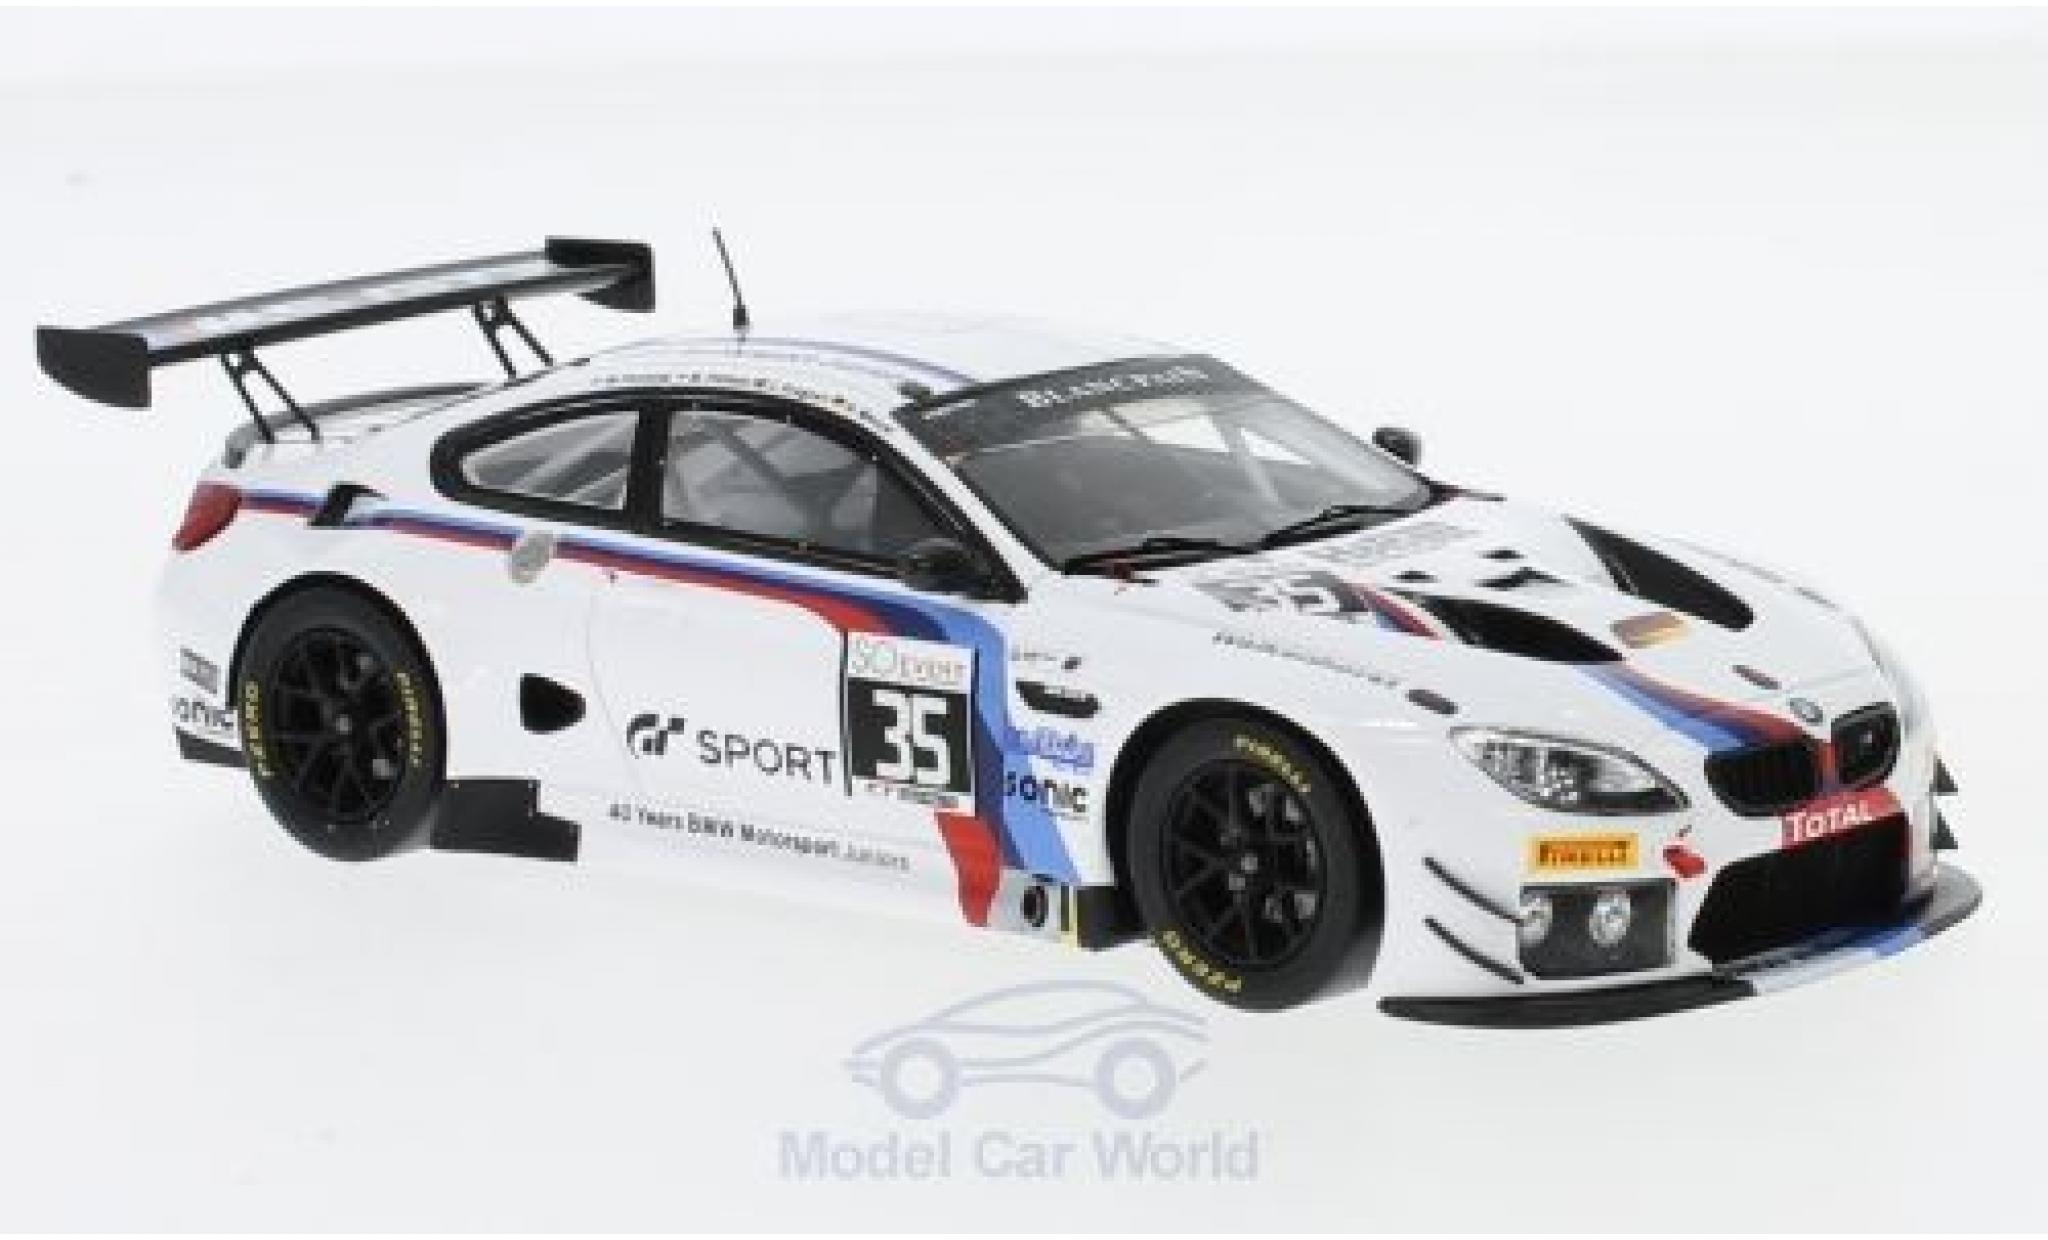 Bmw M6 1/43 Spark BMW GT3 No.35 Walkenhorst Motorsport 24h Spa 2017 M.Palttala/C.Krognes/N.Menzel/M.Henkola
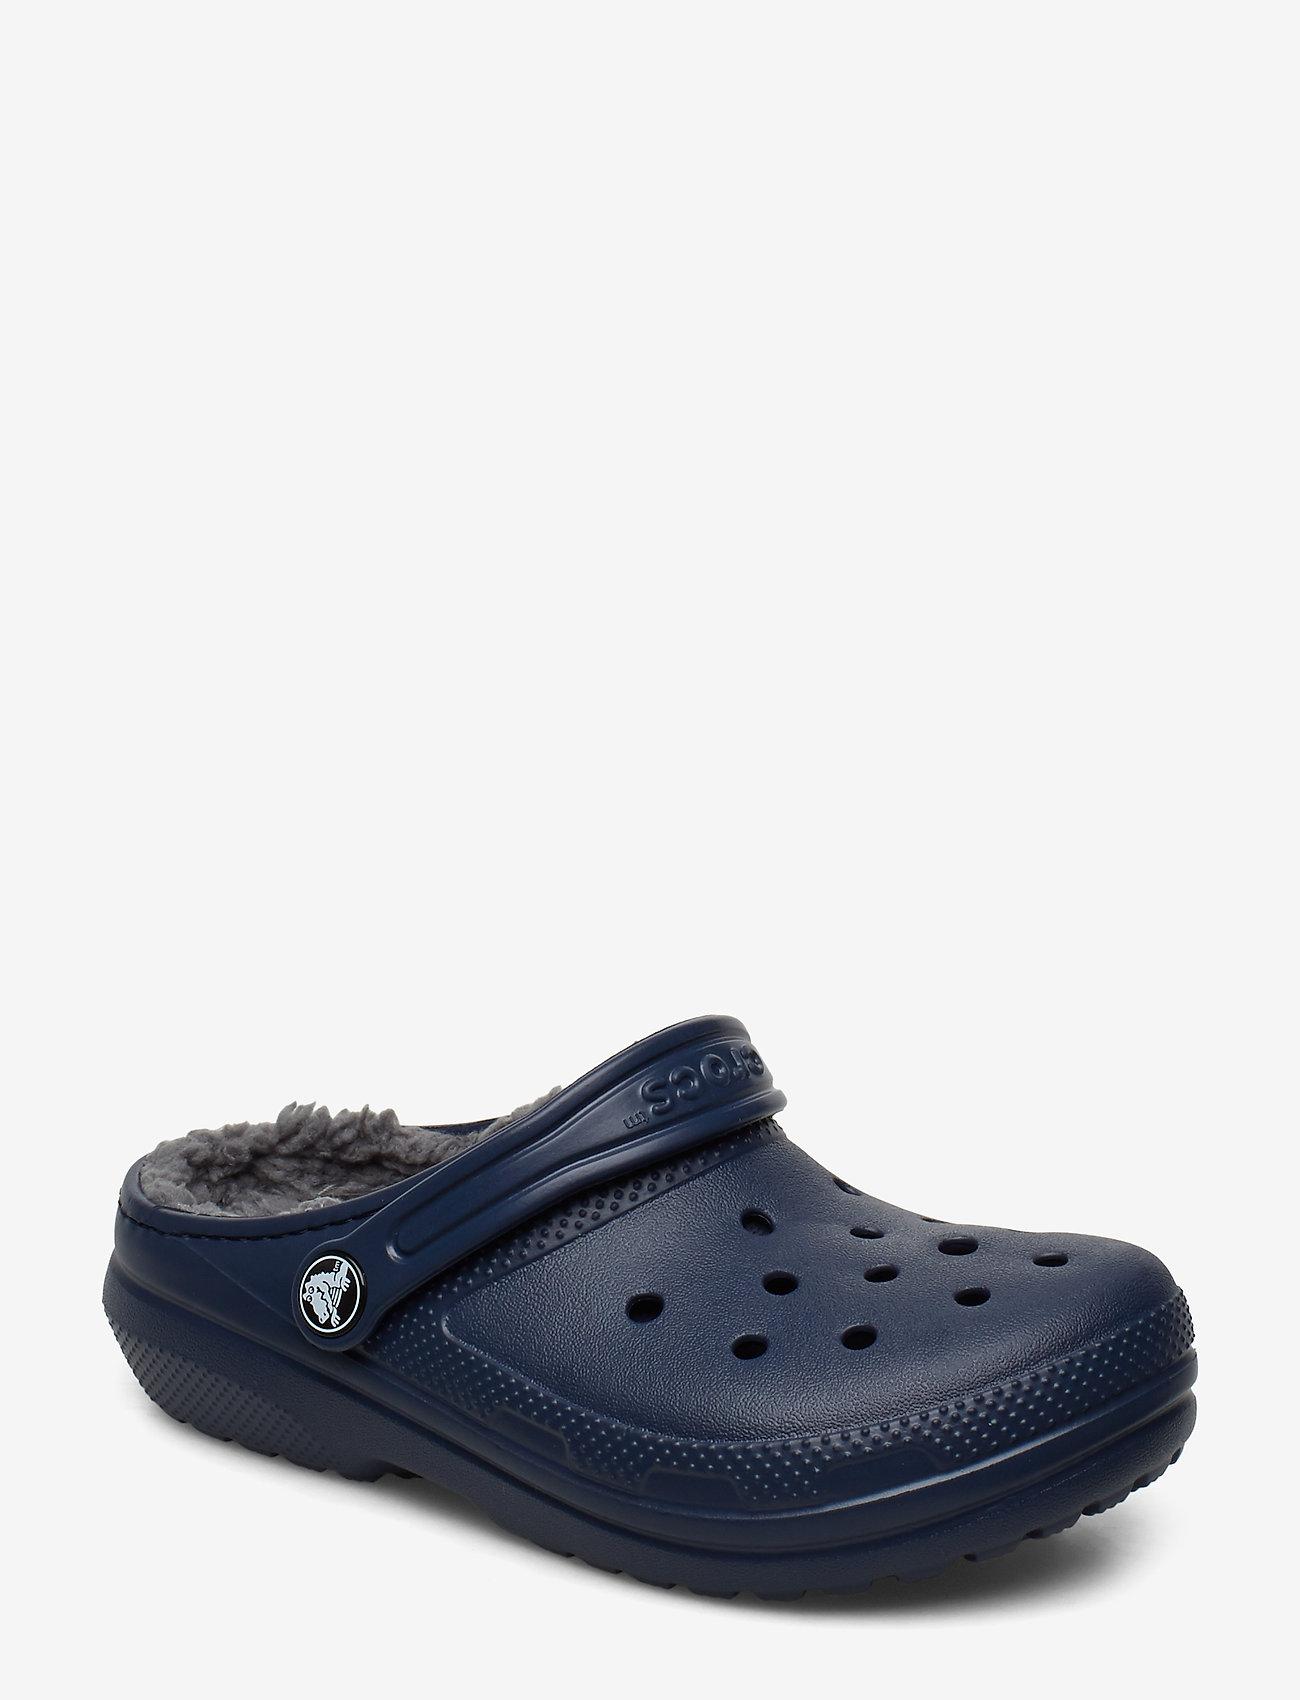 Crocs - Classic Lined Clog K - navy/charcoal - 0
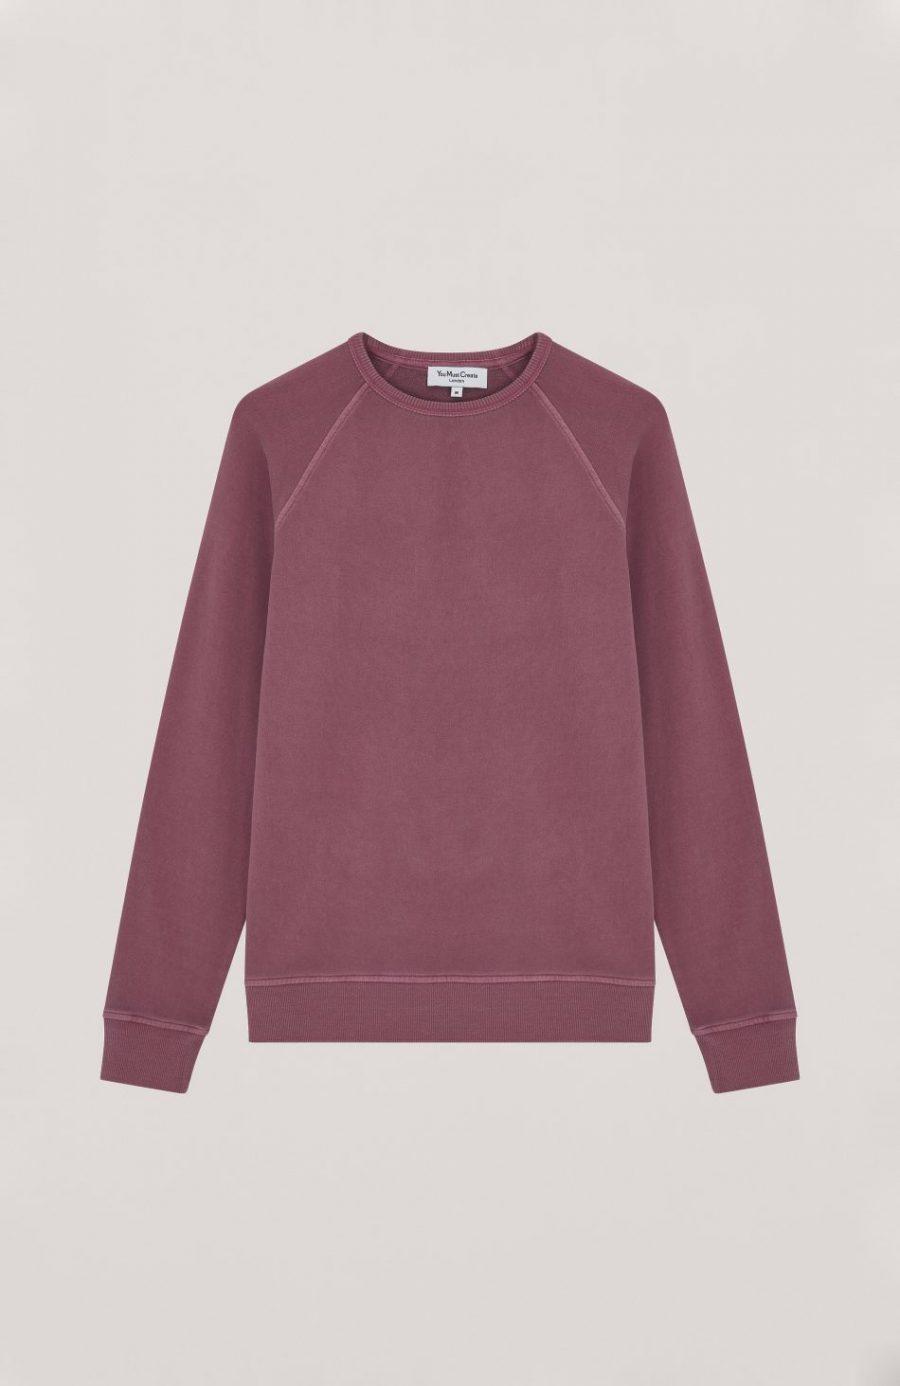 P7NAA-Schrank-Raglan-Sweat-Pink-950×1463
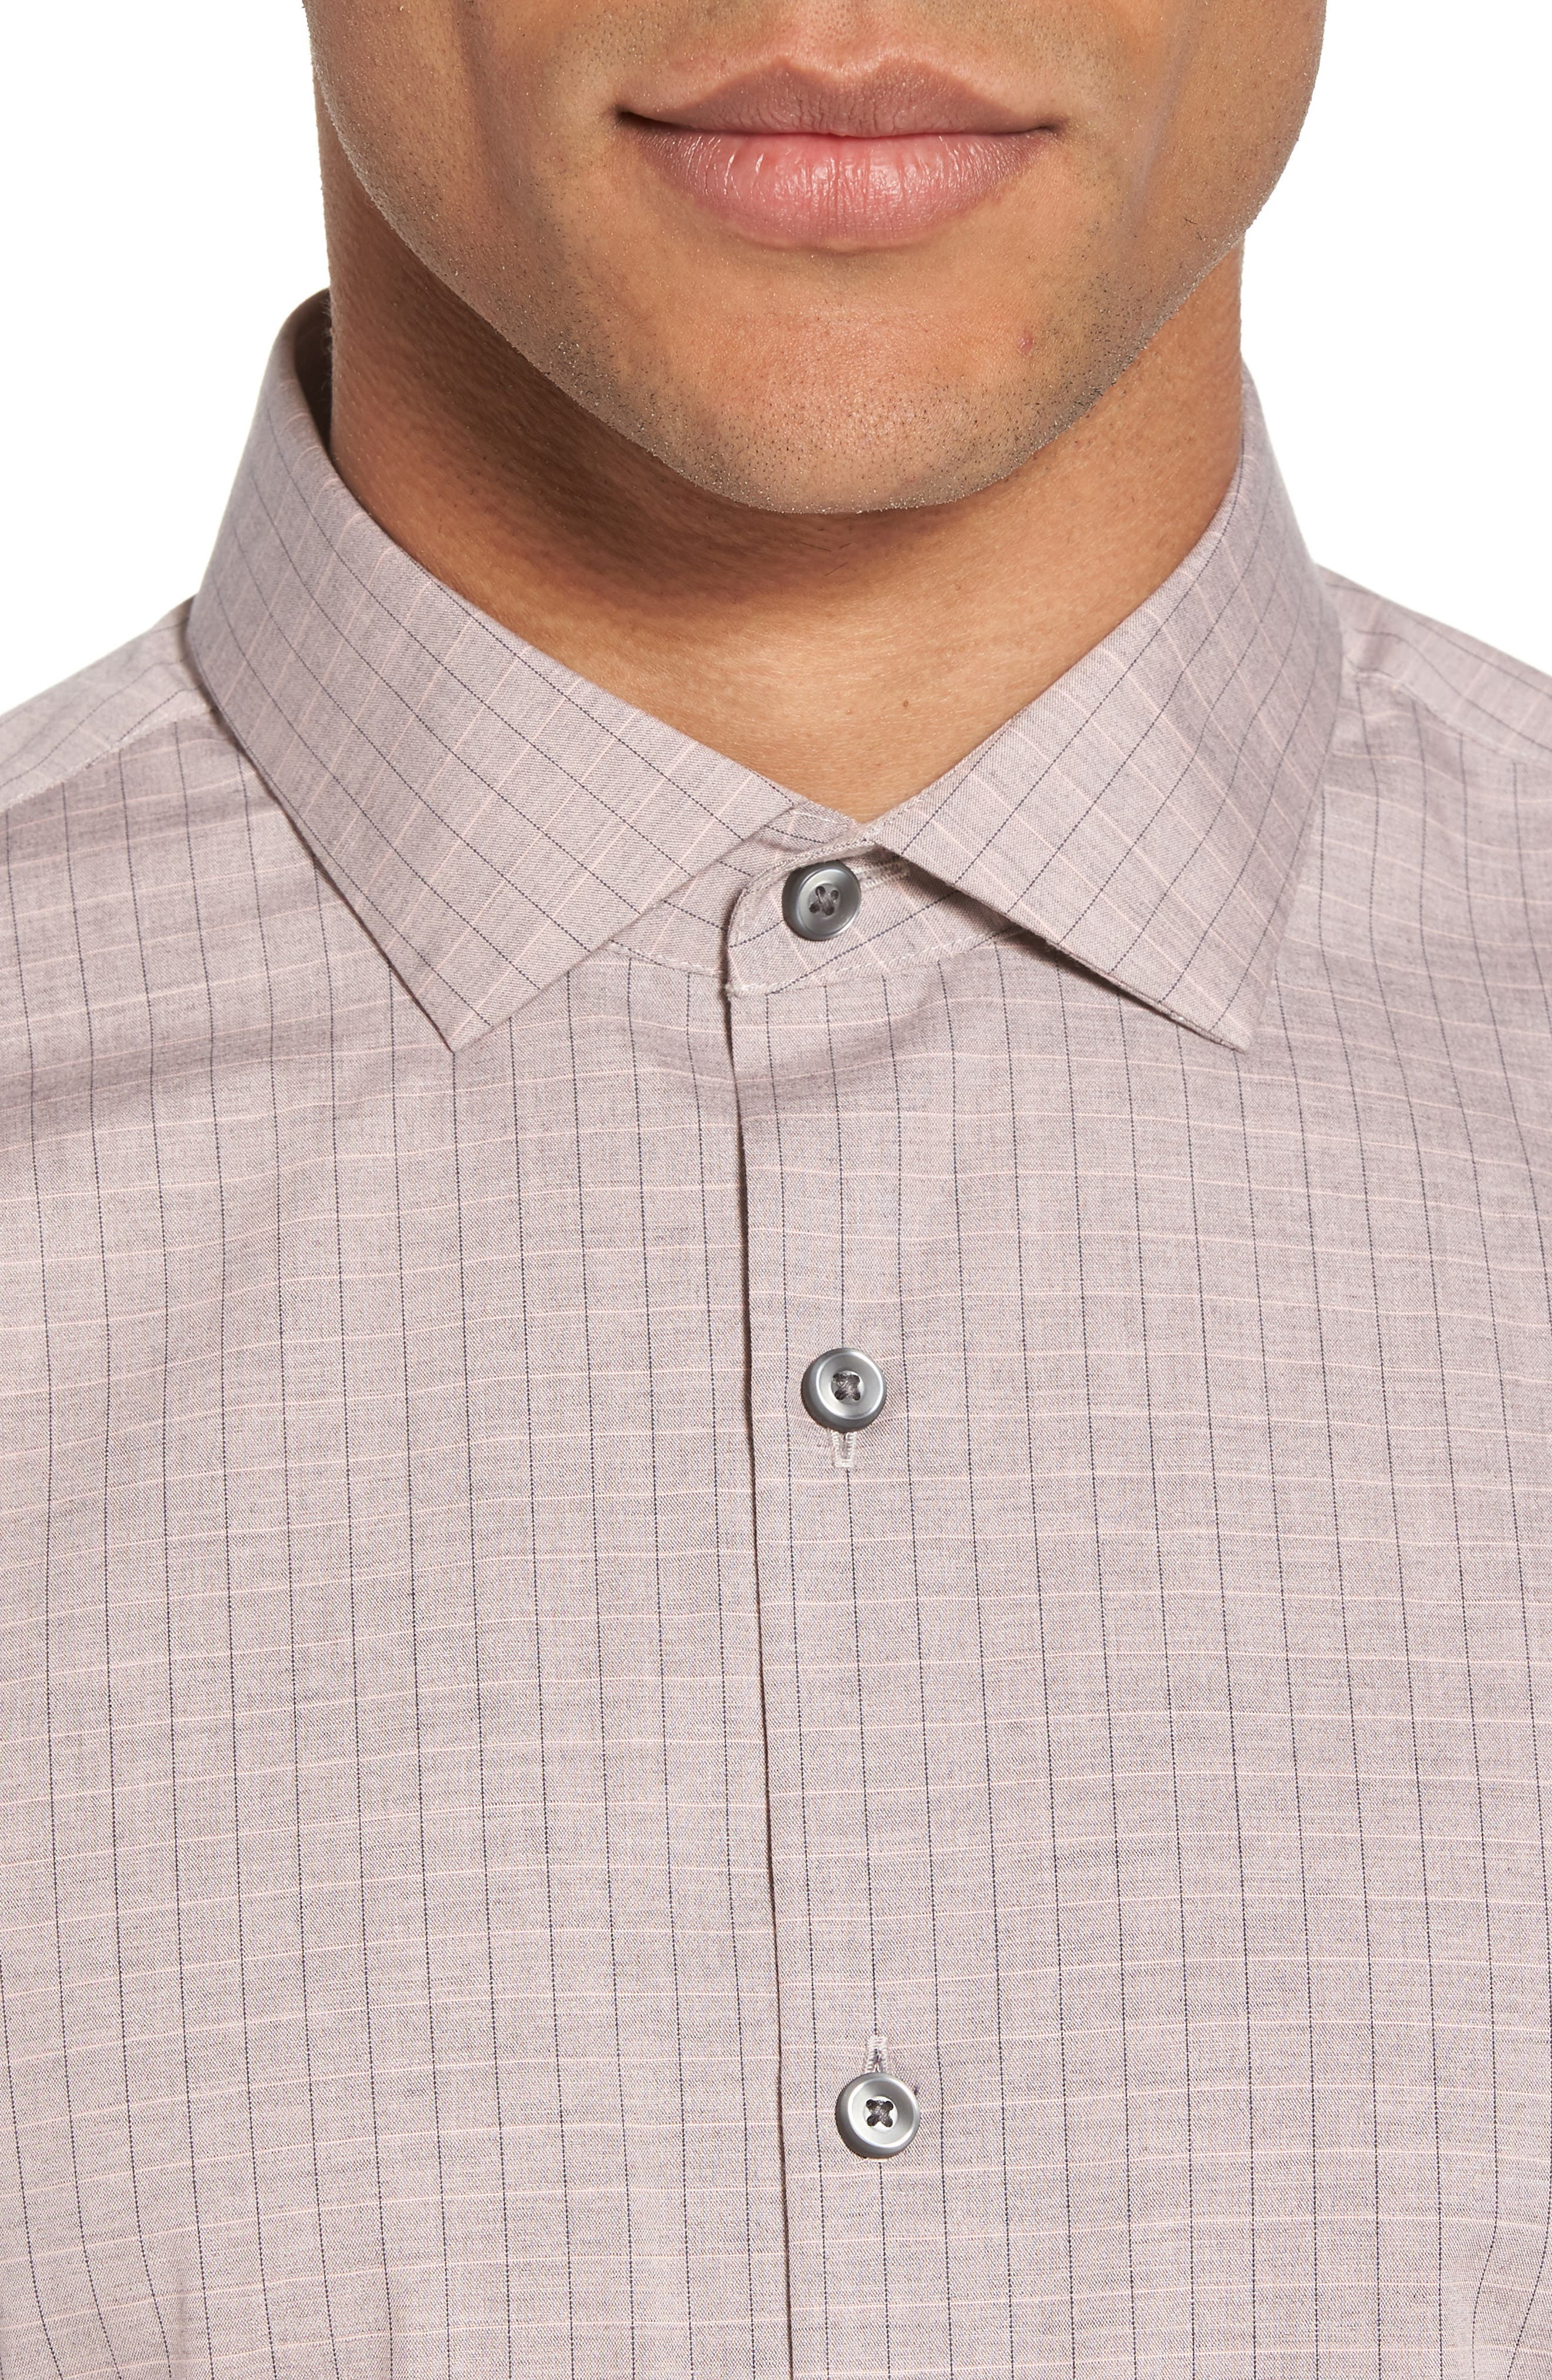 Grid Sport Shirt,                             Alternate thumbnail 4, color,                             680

— TO DO —
Skip the images and set down the rest of the data unchanged.

— EXERCISE RESULT —
 Bmw M6 1/43 Spark BMW GT3 No.35 Walkenhorst Motorsport 24h Spa 2017 M.Palttala/C.Krognes/N.Menzel/M.Henkola
 Crocs - Classic Lined Clog K - navy/charcoal - 0
 P7NAA-Schrank-Raglan-Sweat-Pink-950×1463
 Grid Sport Shirt,                             Alternate thumbnail 4, color,                             680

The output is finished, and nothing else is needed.